I first encountered Mrs Thatcher almost 40 years ago when, as a young television producer at ITV, my colleagues and I, several of whom I see here with us today in the Chamber, chronicled the deepening crisis in the UK in that grimmest of decades to which many of your Lordships have already referred—the 1970s. It was a decade of stagnating state-run industry, of accelerating inflation touching almost 30%, of three-day weeks, of the Times unpublished for a year, of widespread industrial strife and thrombosis. It was a decade in which the UK had to turn to the IMF for a standby credit.
On “Weekend World”, where I worked at the time, we canvassed proposed solutions to our dire circumstances on both left and right. We took a particular interest in the ideas of Keith Joseph, not mentioned yet today, and his then protégé Margaret Thatcher. She did not emerge as Leader of the Opposition fully formed. I recall her as a tentative and nervous interviewee under Peter Jay’s intense and rigorous cross-examination. Her fiery conviction would come later.
When Mrs Thatcher became Prime Minister in 1979, the country was anxious for all that to end—but the resistance that she had to overcome was still enormous, including, as others have said, from within her own party. But as we know, her conviction intensified, her determination grew and her courage proved formidable. Mrs Thatcher set out single-mindedly to address her toxic inheritance, and in due course she did indeed eliminate inflation. She introduced discipline to our public finances, she privatised the nationalised industries and she brought the trade unions under a new system of law. All that reform was unavoidable, but it also, as others have suggested, came at a high social cost.
In other ways, her premiership was not clear cut. Mrs Thatcher was an economic but not a social liberal. She was viscerally uneasy about Europe yet embraced the single market. She hated communism, but she championed détente. As we all do, she left behind unfinished business—in her case an under-resourced, underperforming public sector. While she liberated markets and inspired a new spirit of enterprise in the UK, we would in due course learn that without strong and effective regulation we would suffer gravely from untrammelled market excess.

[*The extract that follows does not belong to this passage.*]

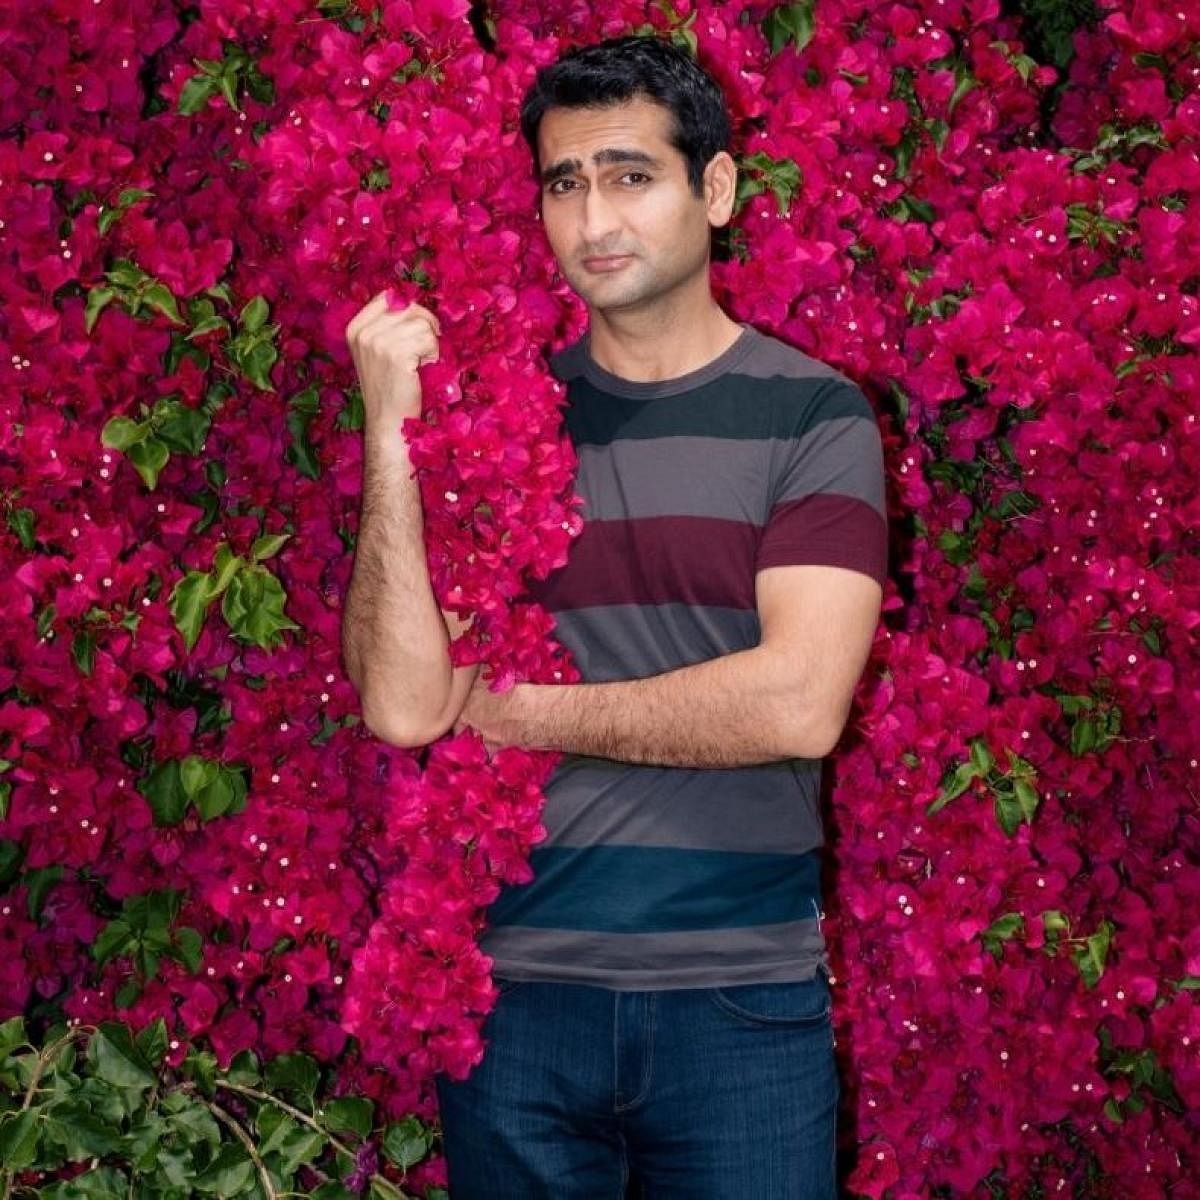 Actor Kumail Nanjiani has joined the cast of political thriller The Independent.(Credit: Facebook/Kumail Nanjiani)

However, if Churchill saved us from Nazi domination and if, as the noble Lord, Lord Tebbit, has already mentioned, Attlee was the architect of a benevolent social state in the UK, it was Baroness Thatcher who reversed our post-war economic decline and restored Britain’s confidence and standing, and who offered her successors a chance to build a new Jerusalem.
In an interview for the series on her premiership that she recorded for the BBC after she left office, Lady Thatcher declared,
“the Prime Minister should be intimidating. There’s not much point being a weak, floppy thing in the chair”.
She was never that—she was a very great Prime Minister indeed and truly the right person at the right time. The nation is deeply grateful to her.